Das Bundessonderzahlungsgesetz (BSZG)

Das Haushaltsbegleitgesetz 2004 mit dem darin enthaltenen Bundessonderzahlungsgesetz wurde am 19.12.2003 auch vom Bundesrat gebilligt. Mit dem Haushaltsbegleitgesetz 2006 hat die Bundesregierung unter anderem eine befristete Halbierung des bereits im Jahr 2004 gekürzten „Weihnachtsgeldes“ für Bundesbeamte auf der Grundlage des Koalitionsvertrages festgelegt.

Das Haushaltsbegleitgesetz 2004 enthält neben steuerlichen Änderungen im Artikel 2 die Vorschriften über Sonderzahlungen des Bundes. Das Bundessonderzahlungsgesetz (BSZG) wurde im BGBl. Teil I Nr. 68 vom 31.12.2003 veröffentlicht und trat am 1. Januar 2004 in Kraft. Der Deutsche Bundestag hatte das Haushaltsbegleitgesetz 2004 am 17.10.2003 mehrheitlich beschlossen; der Bundesrat hatte am 7.11.2003 die Einberufung des Vermittlungsausschusses mit dem Ziel der Überarbeitung des Gesetzentwurfs verlangt. Nach Durchführung des Vermittlungsverfahrens haben am 19.12.2003 Bundestag und Bundesrat dem Gesetz zugestimmt.

Mit dem BSZG werden die jährlichen Sonderzahlungen für die im Dienste des Bundes stehenden Beamten auf der Grundlage der mit dem Bundesbesoldungs- und –versorgungsanpassungsgesetz 2003/2004 vom 10.9.2003 (BGBl. I S. 1798) geschaffenen Ermächtigung (Öffnungsklausel) geregelt. Das BSZG regelt im Wesentlichen ab 2004 eine Verringerung der früheren jährlichen Sonderzuwendung ("Weihnachtsgeld") sowie den Wegfall des bis zum Jahr 2003 gewährten Urlaubsgeldes.
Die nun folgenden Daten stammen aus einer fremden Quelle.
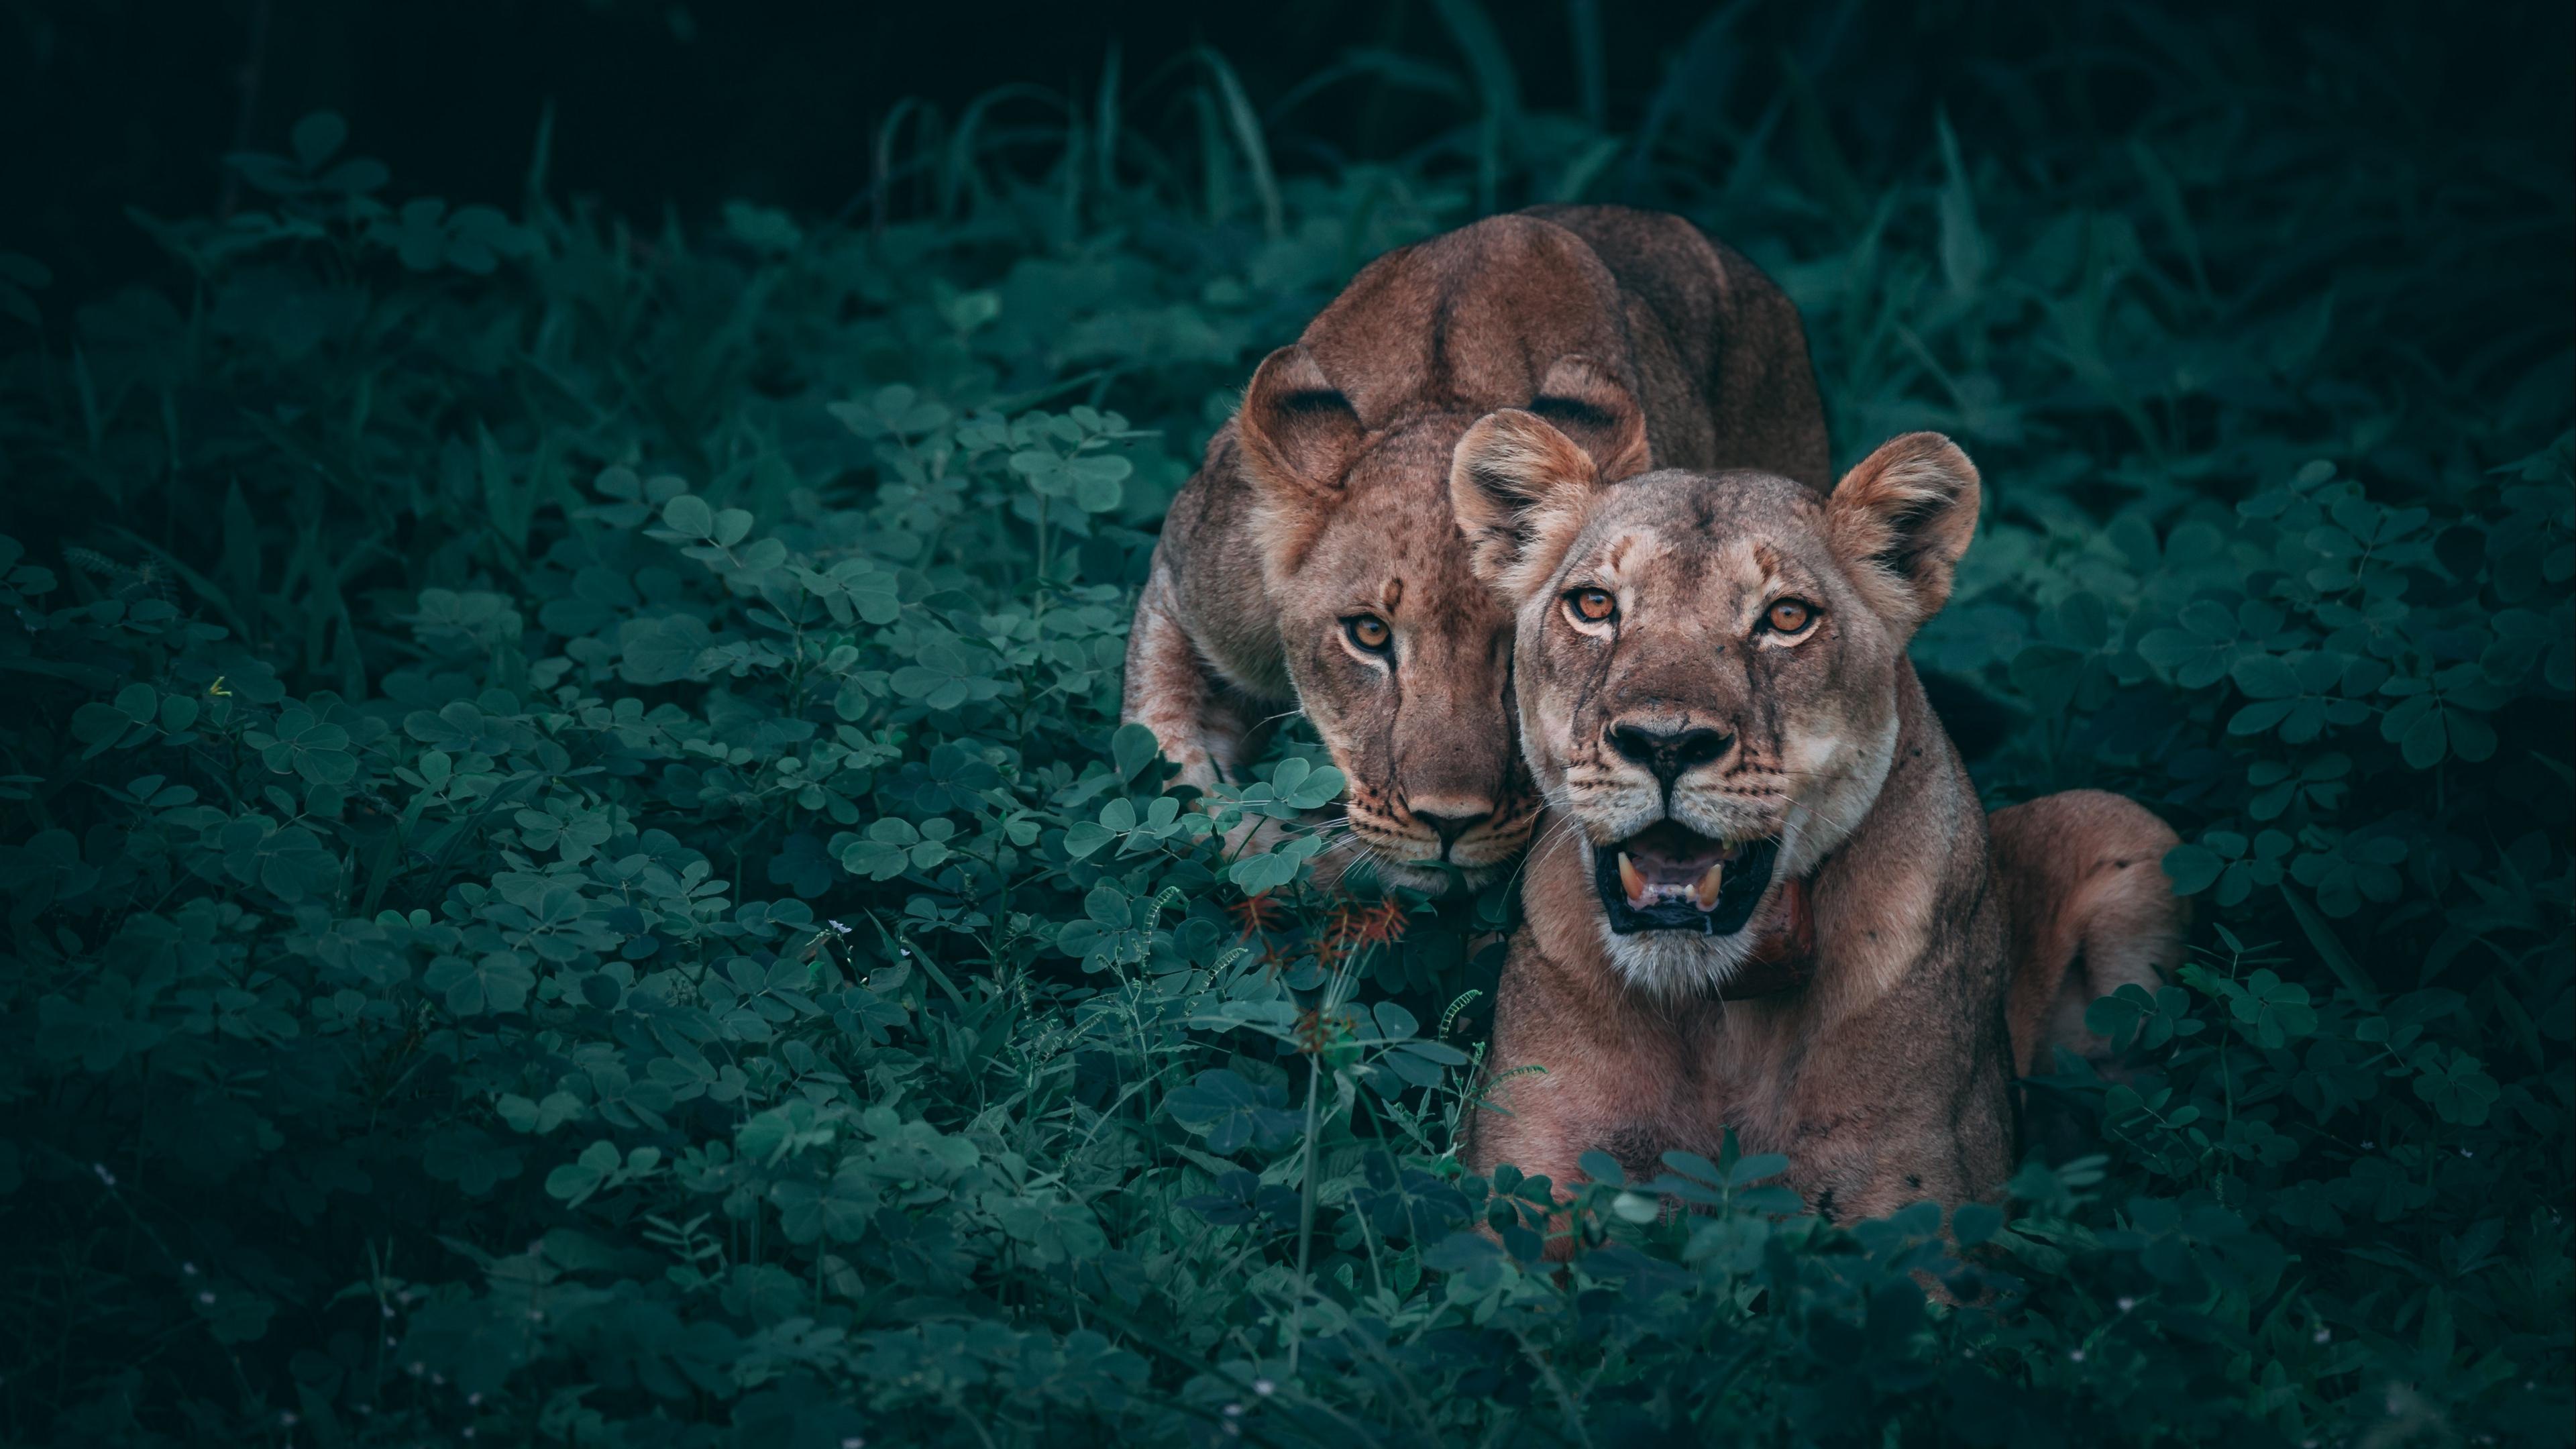 lionesses predators grass 4k 1542242778 - lionesses, predators, grass 4k - predators, lionesses, Grass

Ein Teil der eingesparten Mittel soll zur Förderung und Absicherung der Leistungsbesoldung zur Verfügung gestellt werden.

Wesentliche Regelungen:

Diese Maßnahmen sollen den Bundeshaushalt jährlich ab 2004 um rund 421 Mio. € und von 2006 bis 2010 um weitere 500 Mio. € entlasten.
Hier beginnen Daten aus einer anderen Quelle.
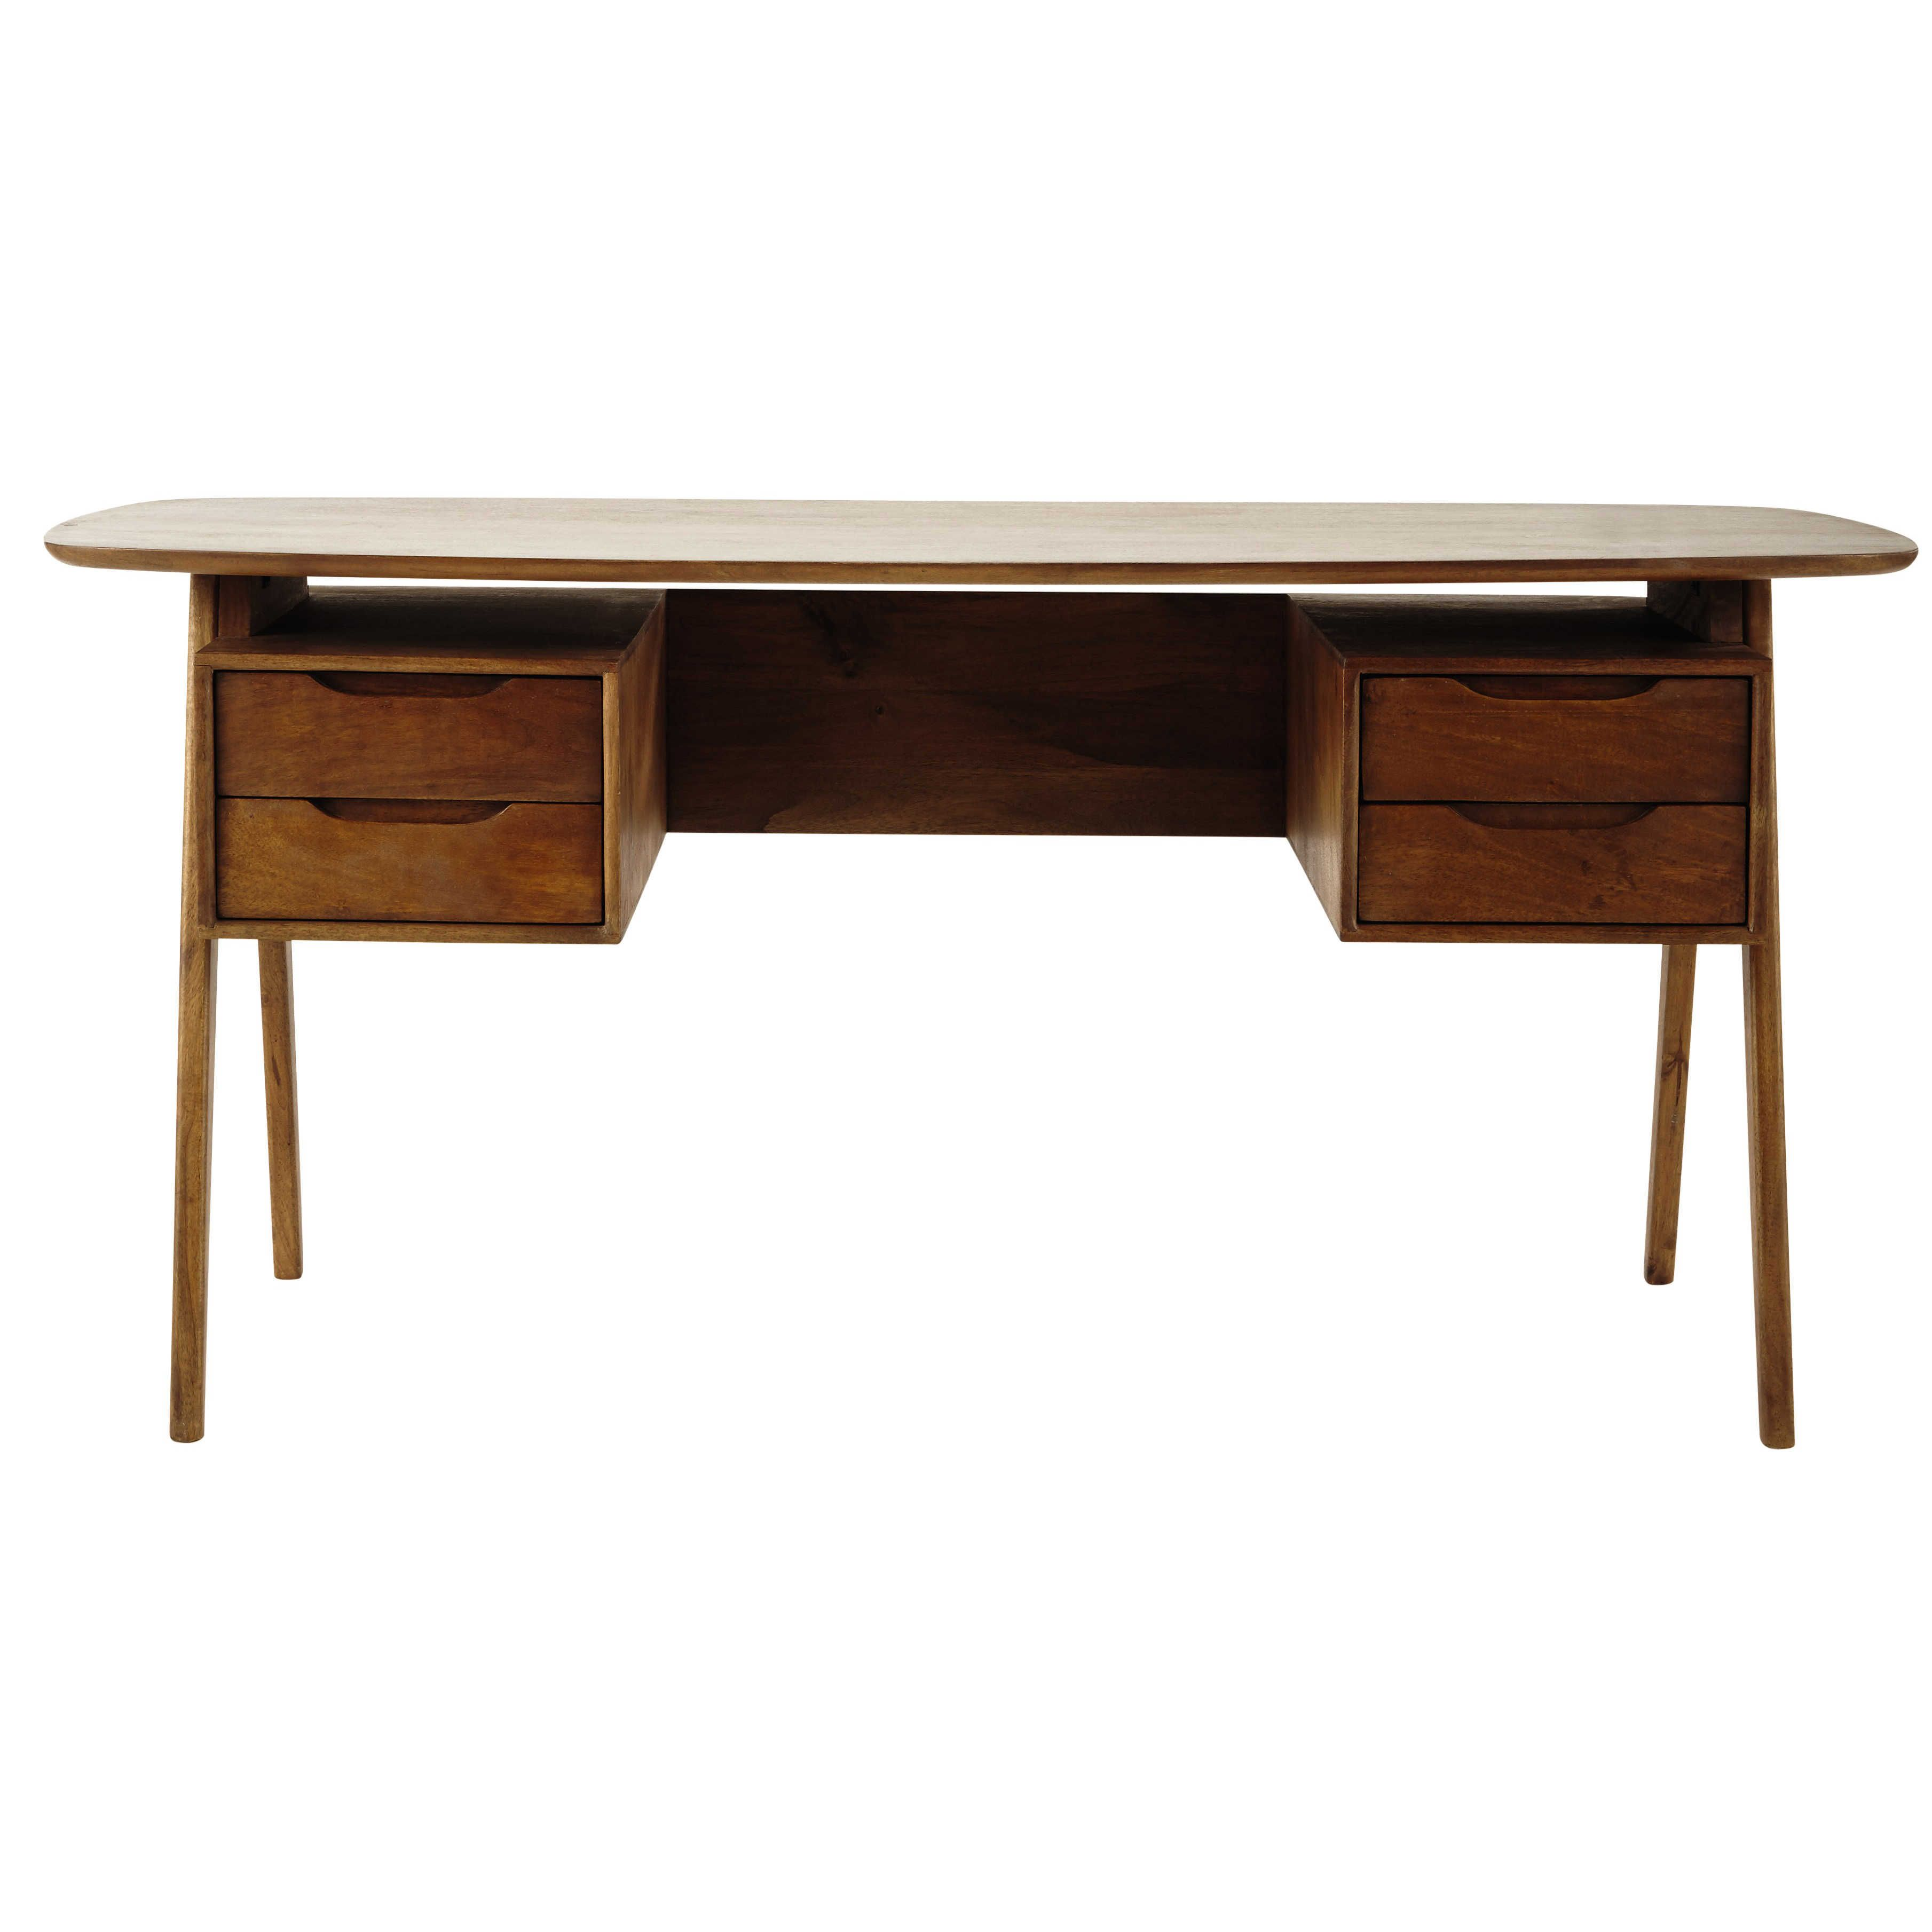 Mango wood vintage desk W 165cm Janeiro Study Pinterest

Für die Jahre 2006 bis 2010 hat die Bundesregierung mit dem Haushaltsbegleitgesetz 2006 eine Halbierung der Sonderzahlung für aktive Beamte auf 2,5 % der für das Kalenderjahr zustehenden Bezüge, also im Ergebnis auf 30 % eines Monatsentgeltes und für Versorgungsempfänger auf 2,085 % der Versorgungsbezüge für das Kalenderjahr, also 25 % eines Monatsentgeltes festgelegt (siehe unten).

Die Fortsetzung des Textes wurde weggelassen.